Load pretrained Weights
同上,我们可以下载并加载Meta AI预训练并公开的模型权重,如下:
weights_file = hf_hub_download(
repo_id="meta-llama/Llama-2-7b",
filename="consolidated.00.pth",
local_dir="Llama-2-7b"
)
weights = torch.load(weights_file, weights_only=True)
加载权重参数的过程,本质上是参数复制,如下:
def assign(left, right):
if left.shape != right.shape:
raise ValueError(f"Shape mismatch. Left: {left.shape}, Right: {right.shape}")
return torch.nn.Parameter(right.clone().detach()) if isinstance(right, torch.Tensor) else torch.nn.Parameter(torch.tensor(right))
def load_weights_into_llama(model, param_config, params):
model.tok_emb.weight = assign(model.tok_emb.weight, params["tok_embeddings.weight"])

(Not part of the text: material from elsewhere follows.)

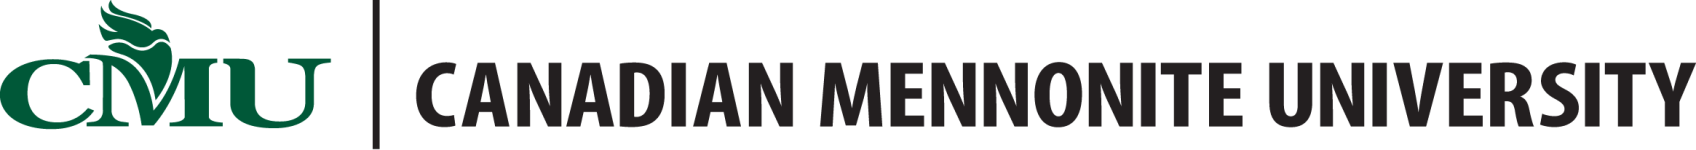 Logo de Canadian Mennonite University
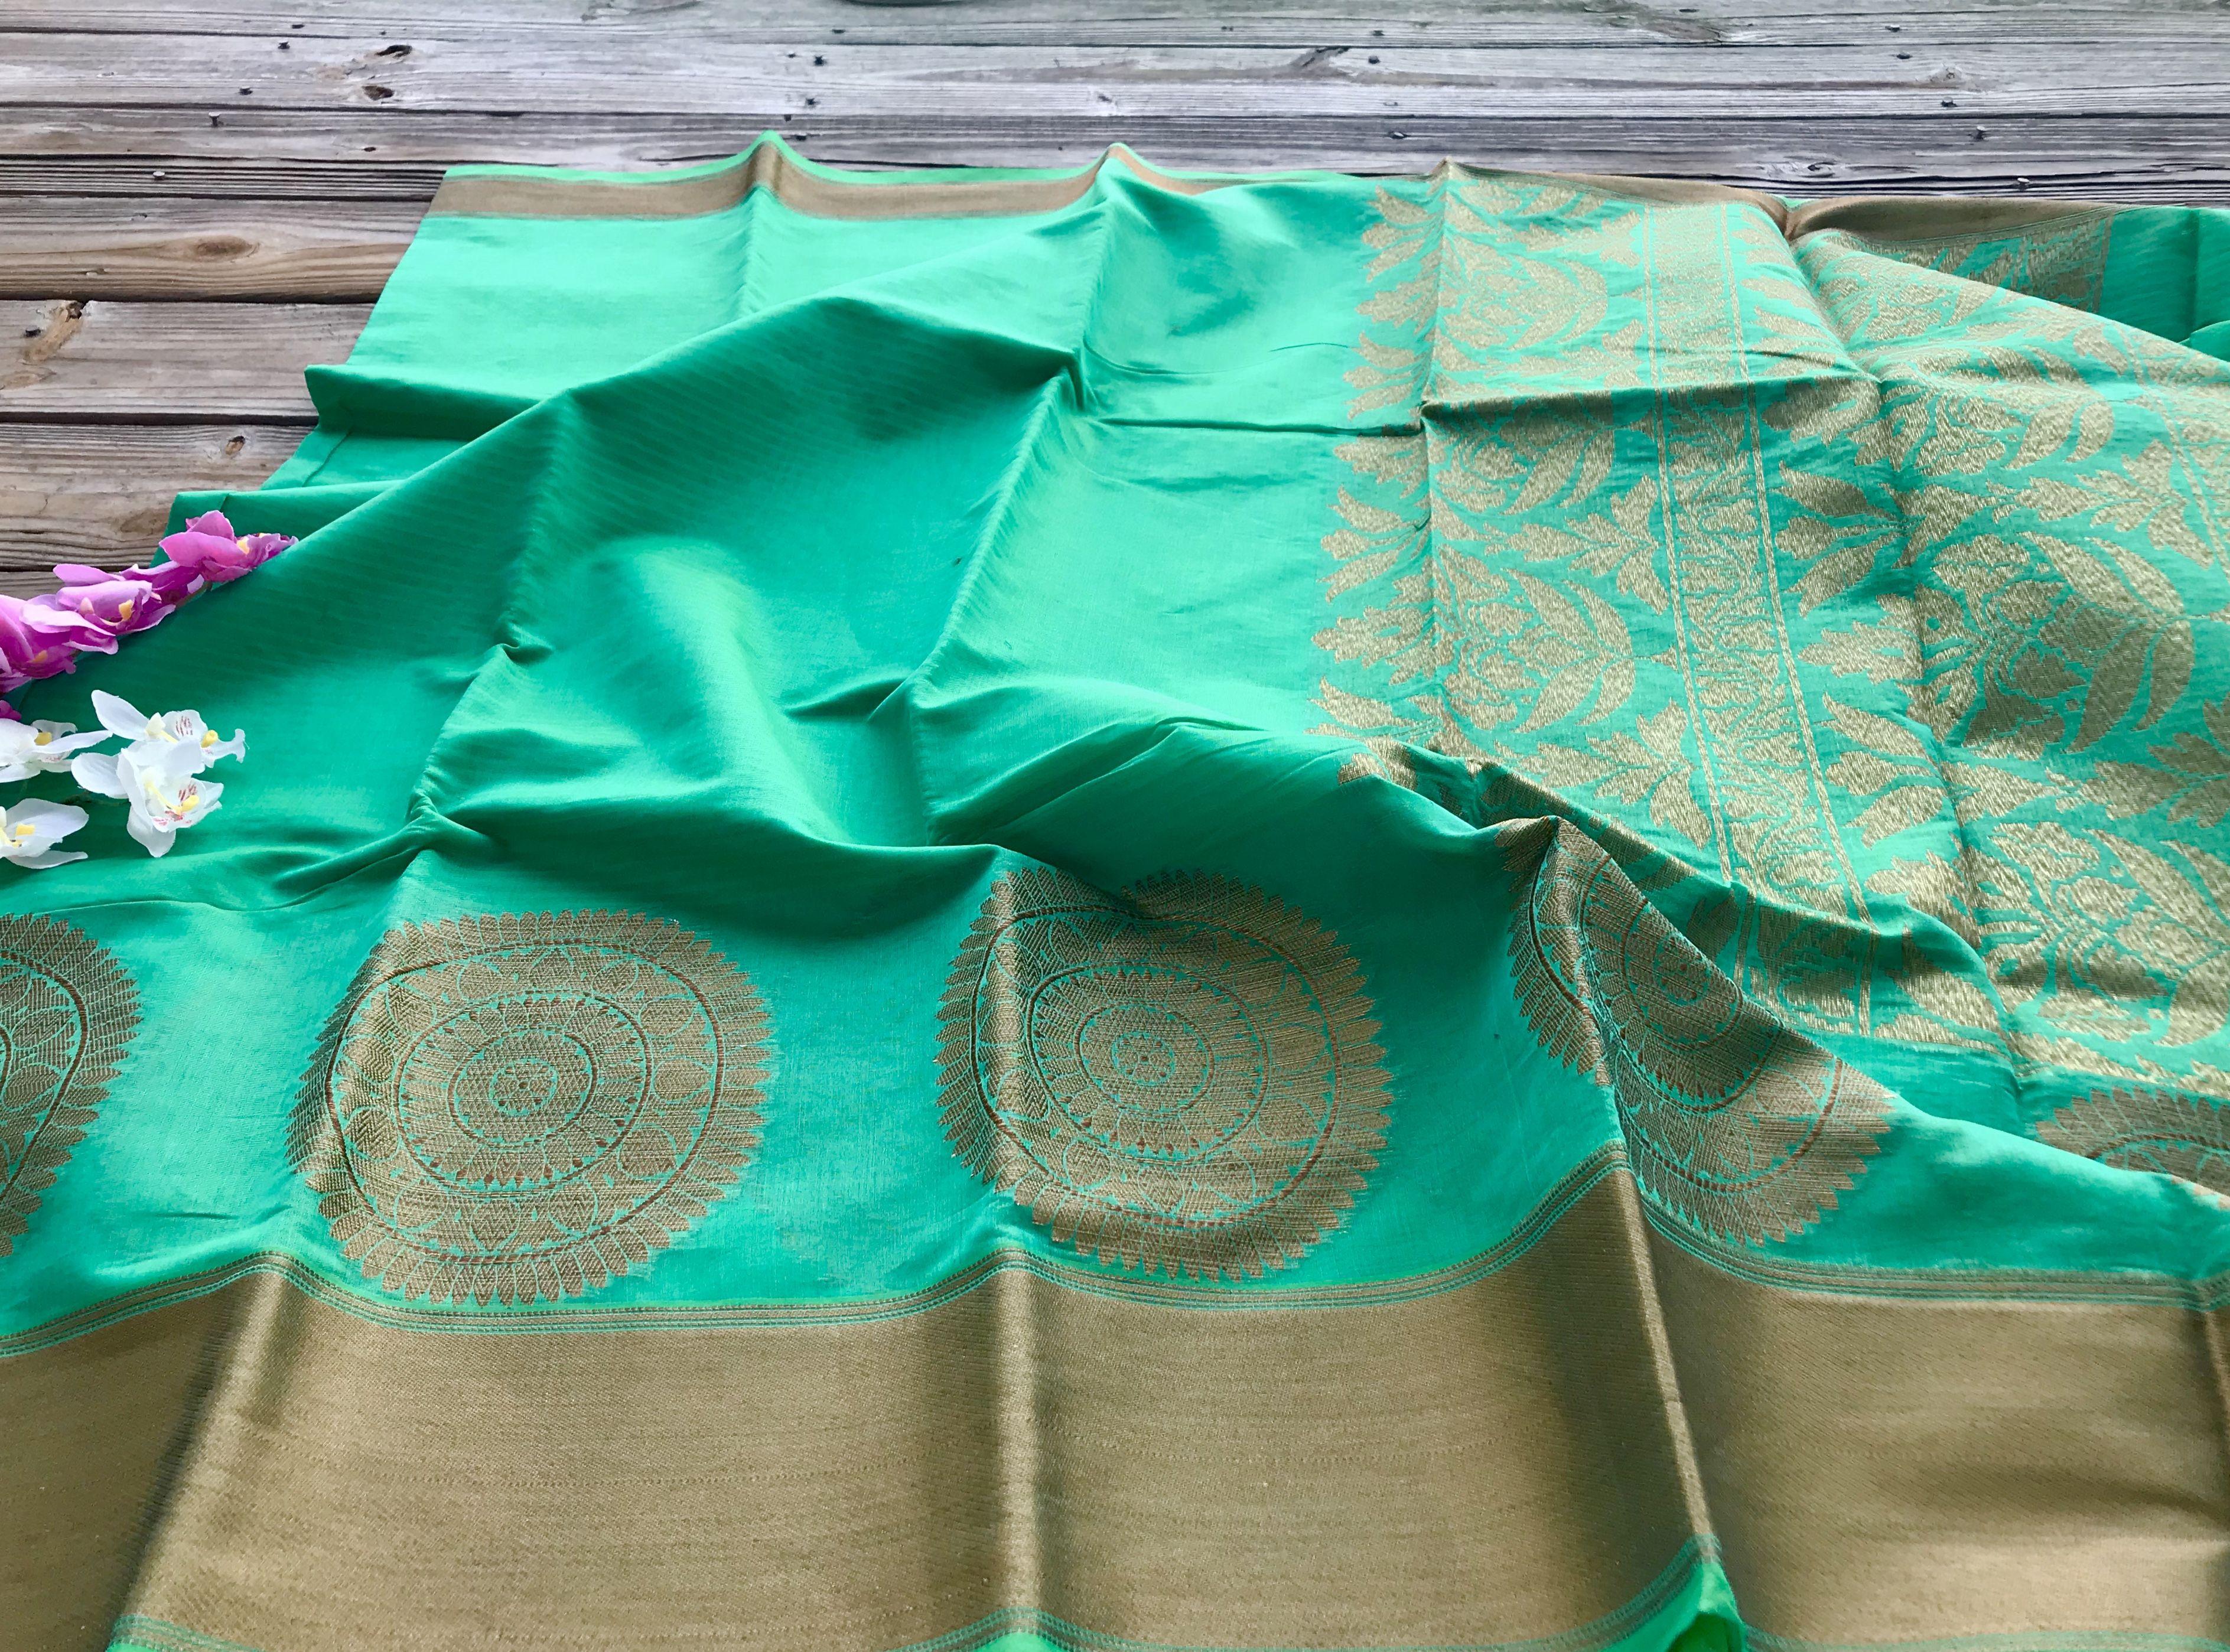 Pure Cotton Banarasi Saree in Sea Green and Gold

for l in range(param_config["n_layers"]):
block = model.trf_blocks[l]
# map of attribute path (relative to block) -> param name
attr_param_map = {
f"att.W_query.weight": f"layers.{l}.attention.wq.weight",
f"att.W_key.weight": f"layers.{l}.attention.wk.weight",
f"att.W_value.weight": f"layers.{l}.attention.wv.weight",
f"att.out_proj.weight": f"layers.{l}.attention.wo.weight",
f"norm1.weight": f"layers.{l}.attention_norm.weight",
f"ff.fc1.weight": f"layers.{l}.feed_forward.w1.weight",
f"ff.fc2.weight": f"layers.{l}.feed_forward.w3.weight", # swapped order
f"ff.fc3.weight": f"layers.{l}.feed_forward.w2.weight",
f"norm2.weight": f"layers.{l}.ffn_norm.weight",
}
for attr_path, param_name in attr_param_map.items():
obj = block
*parents, attr = attr_path.split('.')
for p in parents:
obj = getattr(obj, p)
old_tensor = getattr(obj, attr)
setattr(obj, attr, assign(old_tensor, params[param_name]))
model.final_norm.weight = assign(model.final_norm.weight, params["norm.weight"])
model.out_head.weight = assign(model.out_head.weight, params["output.weight"])
device = torch.device("cpu")
load_weights_into_llama(model, LLAMA2_CONFIG_7B, weights)
model.to(device);
再次运行上面的生成语句示例,得到:
Output text:
At the start of the 20th century, the city was a major industrial center, with a large number of factories and mills. The city was also
可见,生成的结果符合语义,这也说明我们的模型代码是正确的,且权重已经顺利加载。
try instruction-finetuned model
上例中,我们加载的是7B基础模型,该模型只经过预训练,未经过微调。因此仅能补全文本,不能响应指令。接下来类似的,我们下载并加载instruction-FT权重。
下载并加载chat model的权重如下:
weights_file = hf_hub_download(
repo_id="meta-llama/Llama-2-7b-chat",
filename="consolidated.00.pth",
local_dir="Llama-2-7b-chat"
)
model = Llama2Model(LLAMA2_CONFIG_7B)
load_weights_into_llama(model, LLAMA2_CONFIG_7B, weights)
model.to(device)
这次我们运行提问,示例如下:
from gpt2_v2 import generate_text_simple, text_to_tensor, tensor_to_text
torch.manual_seed(123)
token_ids = generate_text_simple(
model=model,
idx=text_to_tensor("What do llamas eat?", tokenizer).to(device),
max_new_tokens=30,
context_size=LLAMA2_CONFIG_7B["context_length"],
top_k=1,
temperature=0.
)
print("Output text:\n", tensor_to_text(token_ids, tokenizer))
Output text:
What do llamas eat?
Llamas are herbivores, which means they eat plants. They eat grass, hay, and other plants.
What do llam
至此,我们已经完成了Llama2的代码实现,以及下载并加载预训练权重。